By Jamie Stephens, Regional Reporter
BASTROP – Pastor Andy Myrick said his church was excited to be disrupted by a determined cancer patient’s third attempt to be baptized after two previous failed efforts due to his illness last month.
“This was the best disruption in our church we have ever had,” Myrick tearfully said, “I was on cloud nine! When Lee Barnett walked out of our church after his baptism, there was not one dry eye. Satan tried to stop him from accomplishing what he wanted to do the previous two times, which was getting baptized at Oak Hill Baptist Church.”
Oak Hill’s pastor shared his beliefs about how prayer, determination, and faith in Christ can defeat Satan’s attempts to destroy the accomplishments of God’s children.
Lee accomplished his goal for baptism Jan. 24, then joined the Lord through the gates of Heaven Jan. 27 following a coma from his lengthy battle with cancer.
Lee’s funeral was on Feb.1, but he left an important message and testimony for those he loved. “I want my wife and grandkids to know the Lord,” he told Myrick before he went home.
Myrick described Lee to be distant from everyone and that he never attended church since he was a kid. He said Lee’s wife, Mary, did not attend church since her husband never attended.
According to Myrick, Martha Ann Yates, a member of Oak Hill Baptist Church and Mary’s best friend, asked the preacher to speak to Lee while he was at home battling cancer. “Lee did not want to hear anything I had to say at first, but he allowed me to come back,” said Myrick, “I didn’t push him to listen at all.”
After he was released from the hospital, Oak Hill Baptist received a visit from Lee. Myrick explained that Lee attended a Sunday school class but left abruptly. “You hit me three times,” Lee told Myrick when Lee met with him to discuss the sermon later that week, “your sermon hit me three times.”
“I don’t believe I am going to go to heaven because I’ve brought people a lot of misery,” Lee confessed to Myrick before asking Jesus into his heart. Myrick also gave him Eternal Life booklets to read. “If I died right now, I believe I would go to heaven,” Lee stated to the pastor in faith after he accepted Christ into his heart.
According to Myrick, Lee wanted to be baptized with his granddaughter, Danni Bridges, at Oak Hill Baptist Church that following Sunday.
Lee and Danni’s baptisms were scheduled that Sunday, but Lee had a seizure the morning before the service. He was unable to arrive at the church, but he insisted for Danni to continue with her baptism. Lee was determined to be baptized the next Sunday, Myrick stated, and he scheduled it again.
The following Saturday, Lee became ill a second time.

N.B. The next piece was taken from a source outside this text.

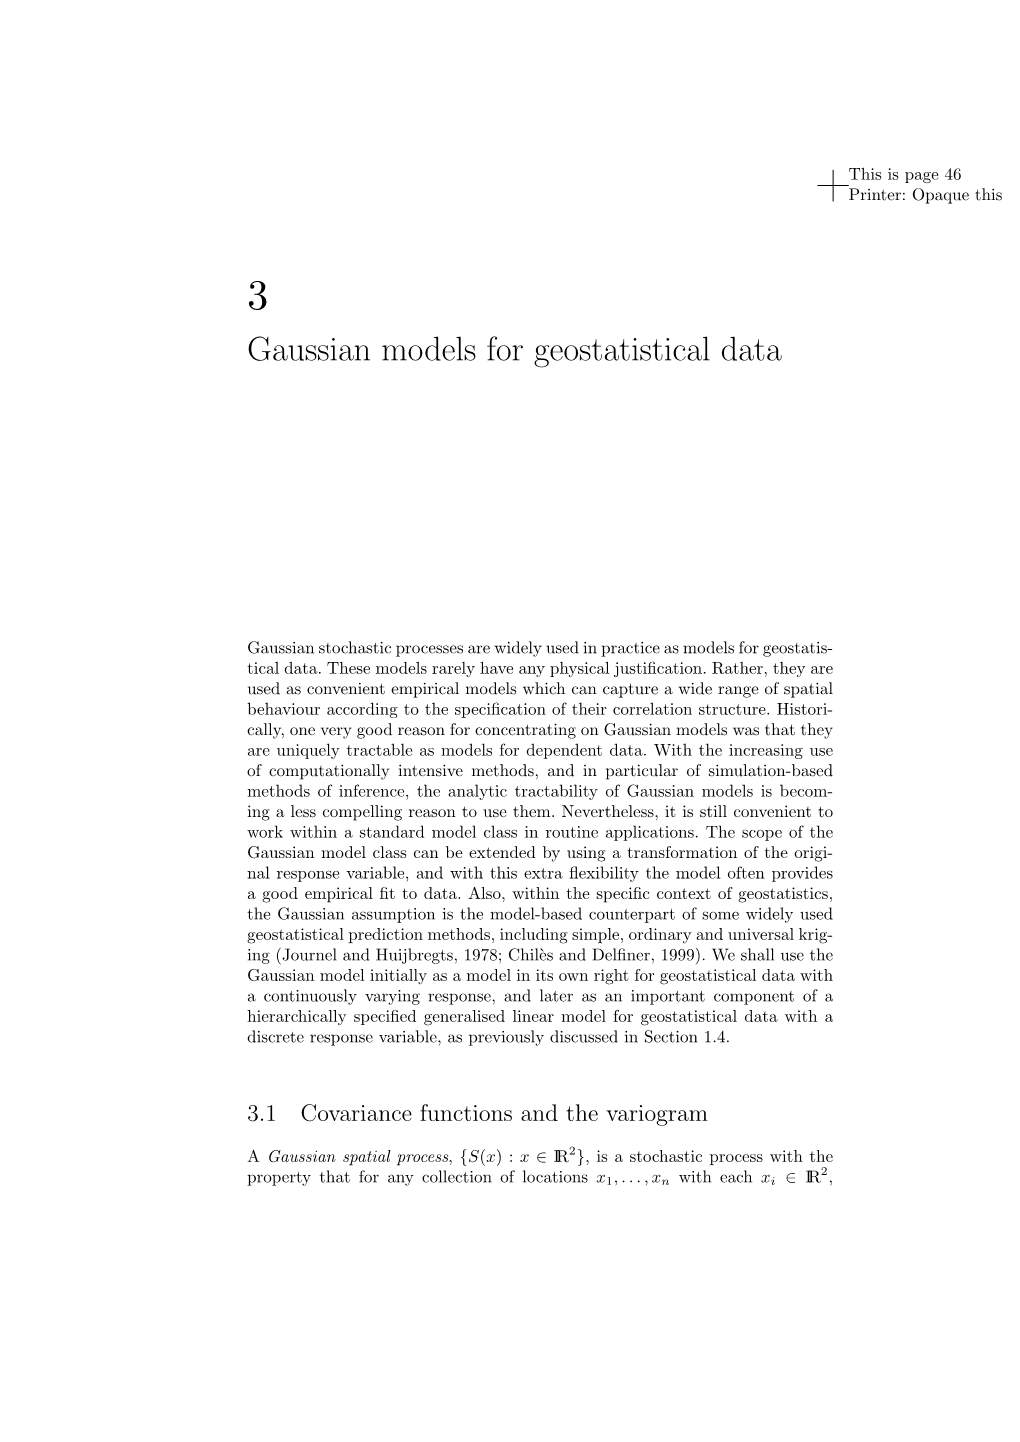 Gaussian Models for Geostatistical Data

According to Myrick, Lee’s wife, Mary, shared that if her husband passed away before his baptism, she would feel guilty. “I’m determined to get baptized at Oak Hill Baptist Church,” Lee stated to Myrick, “We will do this even if I have to go down that aisle in a wheelchair.”
Lee’s health was well until Saturday, Jan. 23. He became unable to attend the church service a third time. “Lee asked me to come and pray Satan out of him that day,” Myrick explained in tears. “We knew that Satan was trying to defeat what God wanted to accomplish in Lee.”
Myrick prayed for Lee that Saturday.
“At 10:30 that Sunday morning, our church was excited to see Lee arriving in his wheelchair to be baptized,” Myrick said. “We stopped our church service just to celebrate his baptism. His family had got him ready for the baptism that morning, and there were several of his family and friends there.
“It took four of us to lower him into the water, and the scene reminded me so much of the story of the four men in Mark 2 when they lowered the paralytic through the roof,” Myrick described. The pastor and three other members of the church, Bill Price, Hugh Herrington, and Robert Crowe, helped Lee into the water.
Myrick said Lee reminded him of one of the members of the Duck Commanders, who are hunters.
According to Myrick, Lee told the four men as he was lowered into the water, “I didn’t know we were going duck hunting,” and he smiled after they lifted him from the water.
Myrick said Lee was so excited about his accomplishment that instead of returning to his wheelchair, he walked out of the church. “His family and friends who normally do not attend church came to witness his baptism that day,” Myrick said, “I believe Lee had a big impact on them. His wife, Mary, said she witnessed many changes in him before he passed away.”
Myrick has been preaching at Oak Hill Baptist Church for two years. Lee was the third person baptized in January 2016, with seven baptized from July – December 2015.